President Park Geun-hye and her government have come under considerable political pressure for the way the government has tried to handle the whole affair. The president has had to apologize publicly more than once for major slip-ups in the course of the rescue operation. She has declared her intention of breaking up the coast guard – among other measures - and has promised to look into the unholy fraternity between the shipping companies and the regulatory authorities. She has also suggested the creation of an enquiry commission consisting of parliamentarians and shipping experts.

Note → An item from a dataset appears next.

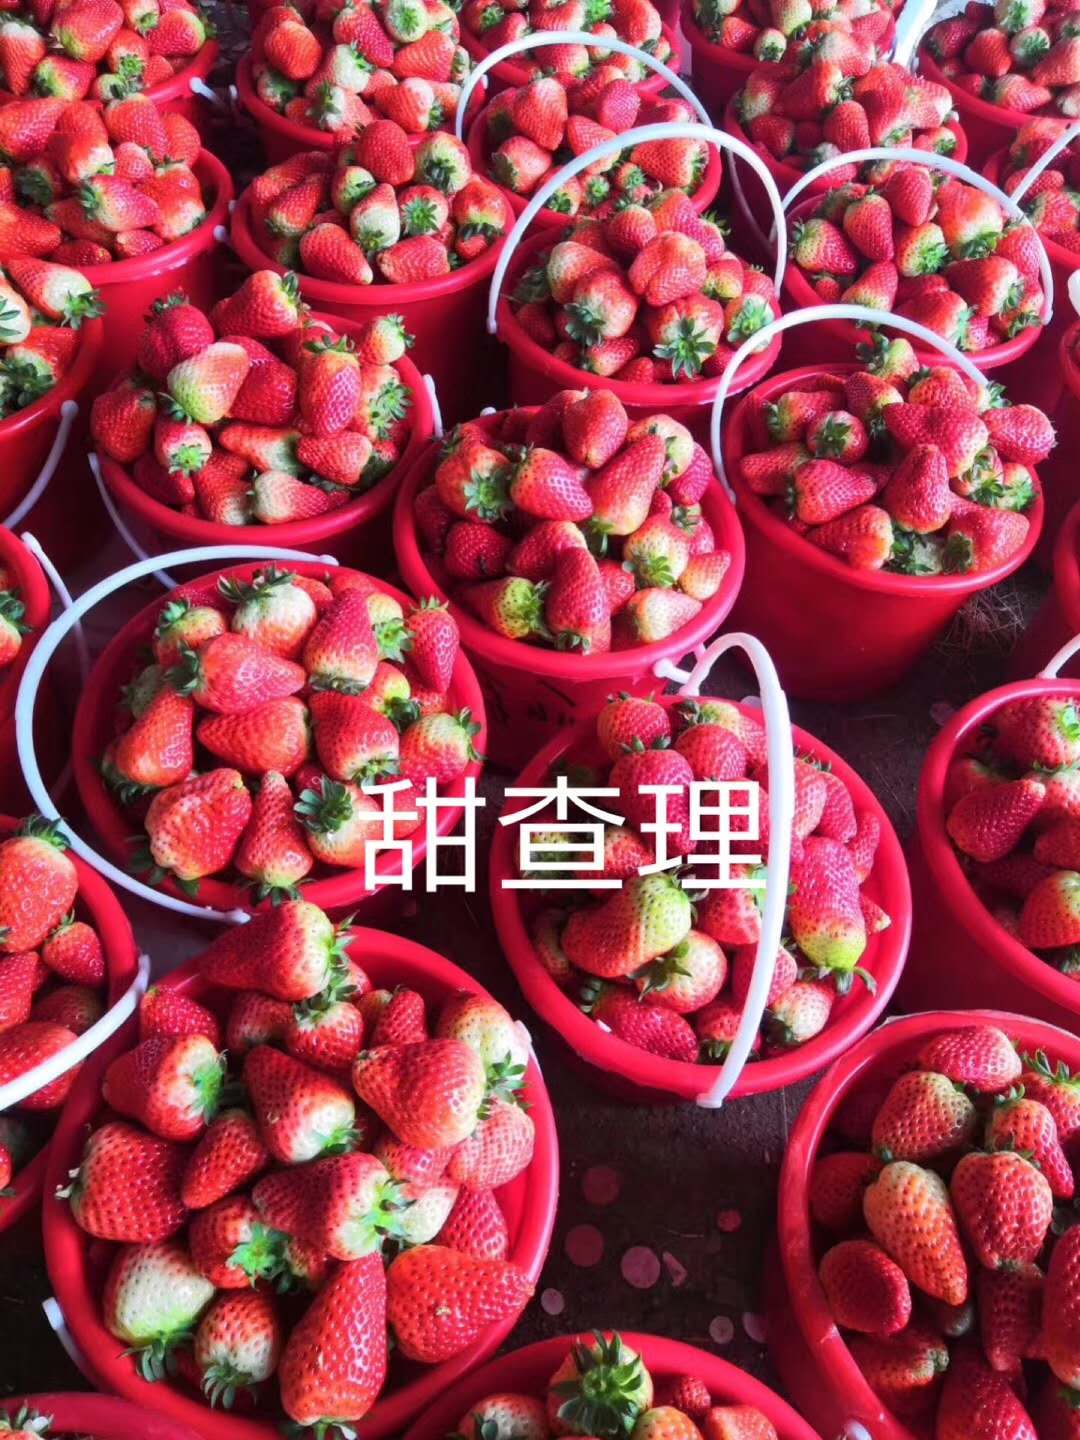 天仙醉草莓苗品种天仙醉草莓苗产地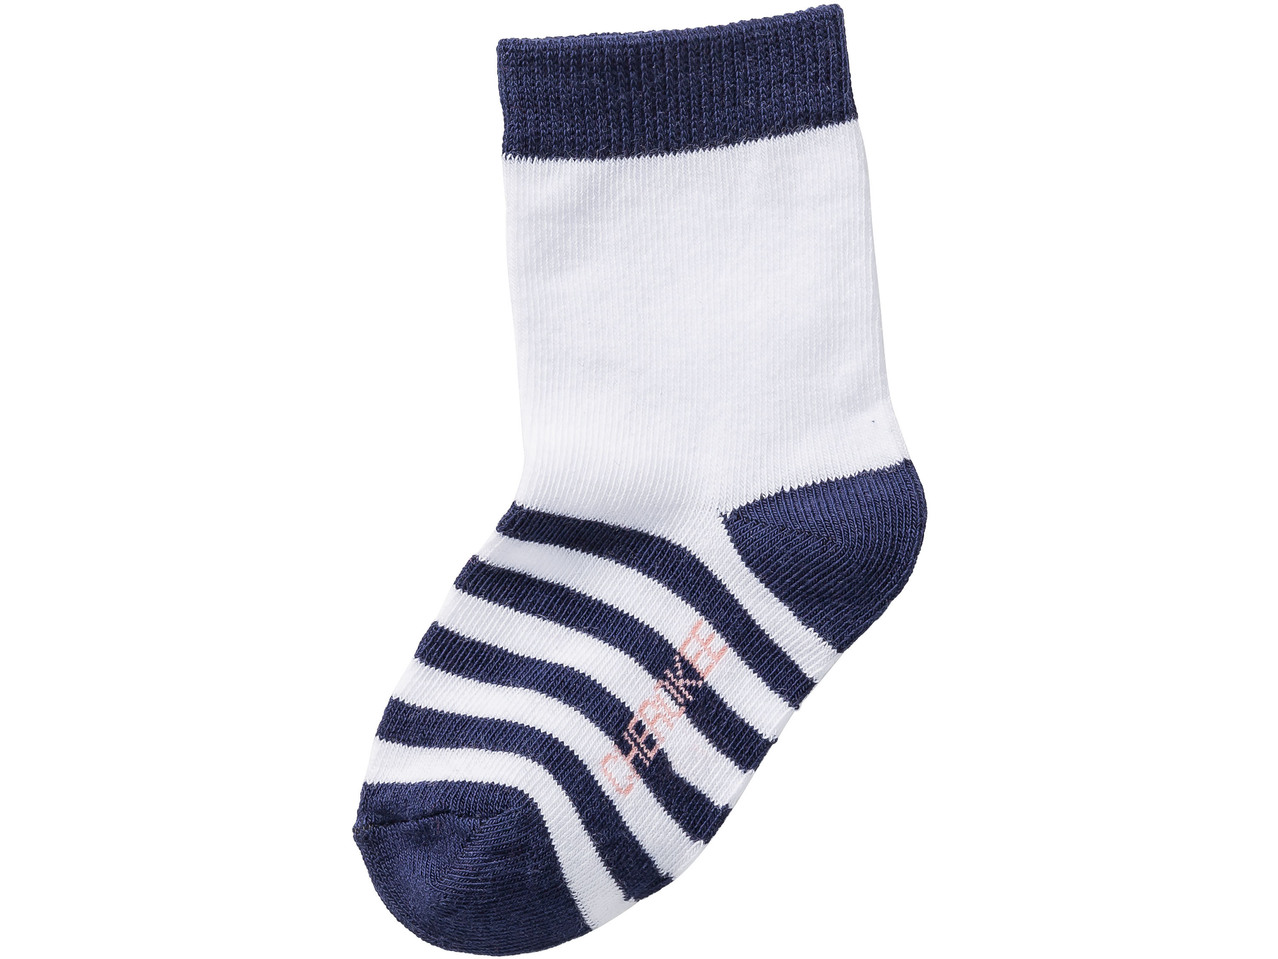 Girls' Socks, 3 pairs

The political uproar has died down and the country has returned to normality – so far as that is possible. But Lee's trial, spread over months, has been emotionally charged from the beginning till the end, tearing open old wounds and delaying the healing process.

Rationality, not revenge

The captain of the Sewol has doubtless much to answer: he abandoned the ferry and its passengers in the face of an impending catastrophe. He saved himself, instead of helping the others. The captain and his crew are even supposed to have told the passengers to remain in their cabins and not to come crowding up to the deck. Further, the captain had let an inexperienced helmsman steer the ferry through a difficult passage fraught with dangers and obstacles. The behavior of the captain has been egoistic, negligent and irresponsible in the extreme, his actions cowardly and scandalous. Hence, it is only too understandable that he should be the object of collective anger and hatred.

Lee knew that he was leaving the passengers to their own fate, but it is also a fact that he did not personally kill them. As such, despite all his guilt, he cannot be treated as a murderer. The court obviously thought the same. Lee and the other crew members had not been aware of the consequences of their deed – the judgment said.

More than 300 families lost a daughter, a son, a brother, a sister or an uncle on April 16, 2014. Many of those who lost their lives might have been alive today had the captain and his crew acted in a different manner. Nothing can bring back those who have died – certainly no death sentence. It might seem reasonable to the family members to demand the ultimate punishment – but it would not have been right to impose that punishment in this case.